However, this is not necessarily true for the most general case when the recursive sum is not of the above form. In a sum with different fractions it is possible that the sum after $a_0$ is not always the fractional part. For example, a similar formula for $\pi$ is

\begin{equation} \pi = 2 + \frac{1}{3}\left( 2 + \frac{2}{5}\left( 2 + \frac{3}{7}\left( 2 + \cdots \right)\right)\right) \end{equation} \qquad \mathrm{(3)}

and of course $2$ is not the integer part of $\pi$ , so the rest of the sum still contributes to the integer part. In fact, after we get some number of digits the remaining sum will again contribute to the last digit we produced. This is the complication I mentioned in the Introduction section and we will see how to deal with it later.
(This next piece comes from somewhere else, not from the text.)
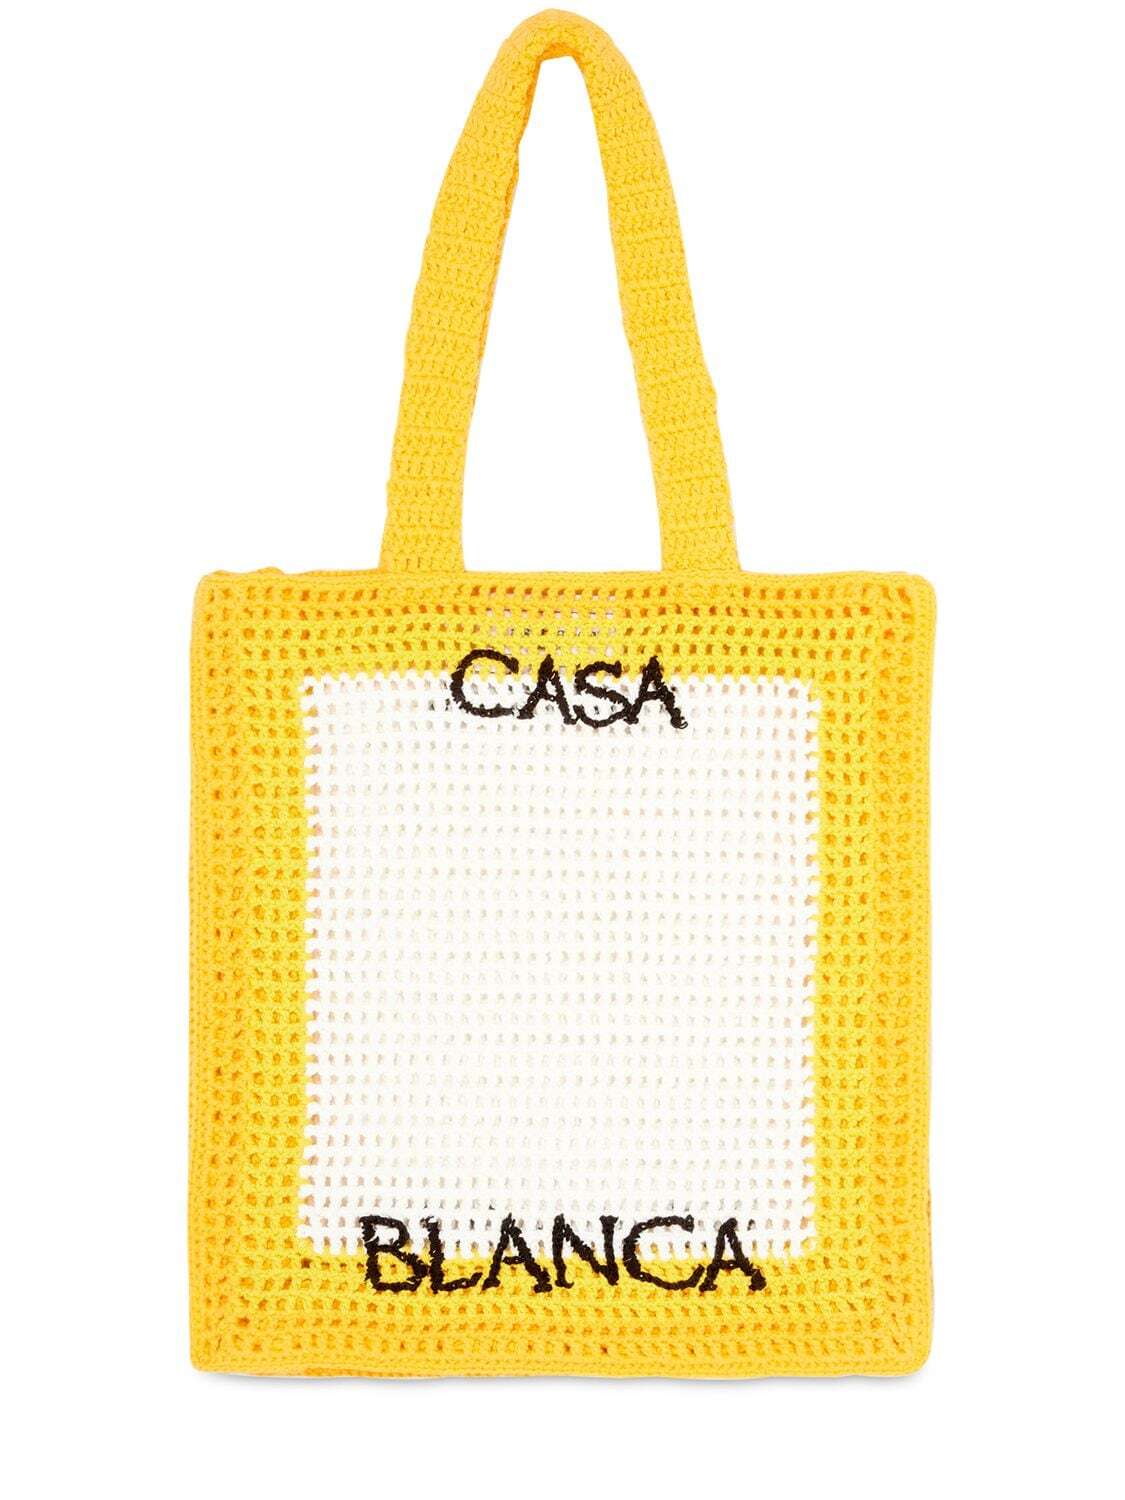 CASABLANCA Crochet Cuzimala Tote Bag in white / yellow
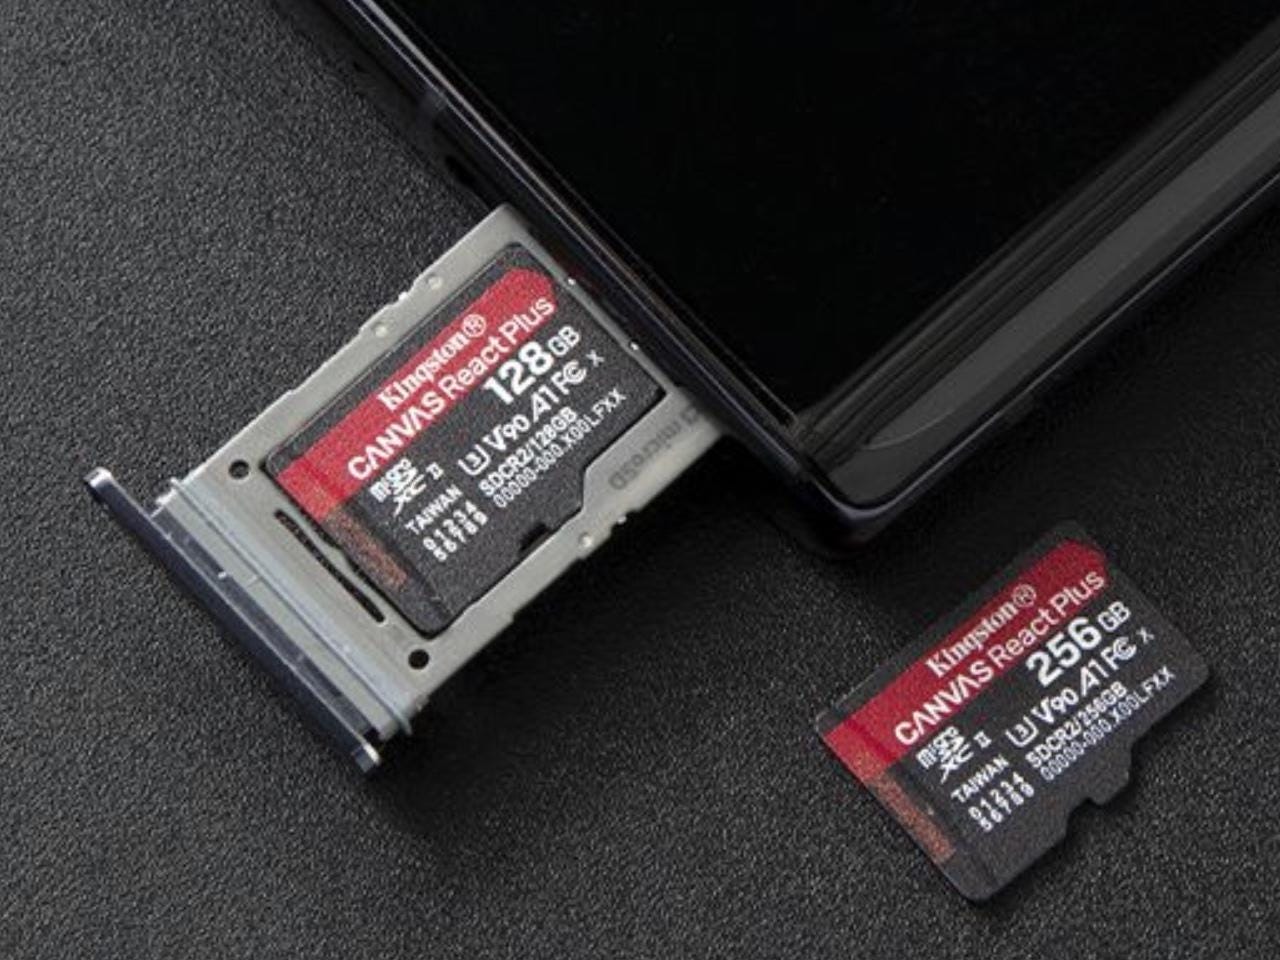 Canvas React Plus microSDS card

In the next section I will formalize the idea presented above and prove that it works as expected for sums of the form (*).

Generalizing Number Bases

We are all used to numbers written in base 10, such as $1729$ , $277777788888899$ and $5.28571428571$ , and I believe many of you are also fluent in base 2 and base 16. In general, for an integer $b > 1$ then we have a positional numeral system of base $b$ where a string of digits $d_n \dots d_2d_1d_0.d_{-1}d_{-2}d_{-3} \dots$ represents the number

d_nb^n + \cdots + d_2b^2 + d_1b^1 + d_0b^0 + d_{-1}b^{-1} + d_{-2}b^{-2} + d_{-3}b^{-3} + \cdots. \qquad \mathrm{(4)}

and when $d_i < b$ for all $i$ we say that the representation is regular. This representation does not need to be unique. To see this, let's write $0.999...$ as

0.\overline{9} = \sum_{k = 1}^{\infty} \frac{9}{10^k},

which follows from the definition given above. We also have the inequality

0 \leq 1 - \sum_{k = 0}^n \frac{9}{10^k} \leq \frac{1}{10^n}.

Since $\lim_{n \to \infty} 1/10^n = 0$ , by the squeeze theorem

1 - \sum_{k = 0}^\infty \frac{9}{10^k} = \lim_{n \to \infty} \left(1 - \sum_{k = 0}^n \frac{9}{10^k}\right) = 0.

Therefore $0.\overline{9} = 1$ . And the same is true for any other base, $0.\overline{1} = 1$ in binary and $0.\overline{F} = 1$ in hexadecimal.

Rewriting (4) as

d_0 + b(d_1 + b(d_2 + b(\cdots + b(d_n)))) + b^{-1}(d_{-1} + b^{-1}(d_{-2} + b^{-1}(d_{-3} + b^{-1}(\cdots))))

gives us a way to generalized numeral systems. Instead of having a base based on a fixed $b$ , we can use any numbers for each $b$ and $b^{-1}$ in the above expression, giving us

d_0 + b_1(d_1 + b_2(d_2 + b_3(\cdots + b_n(d_n)))) + \frac{1}{b_{-1}}\left(d_{-1} + \frac{1}{b_{-2}}\left(d_{-2} + \frac{1}{b_{-3}}\left(d_{-3} + \cdots\right)\right)\right)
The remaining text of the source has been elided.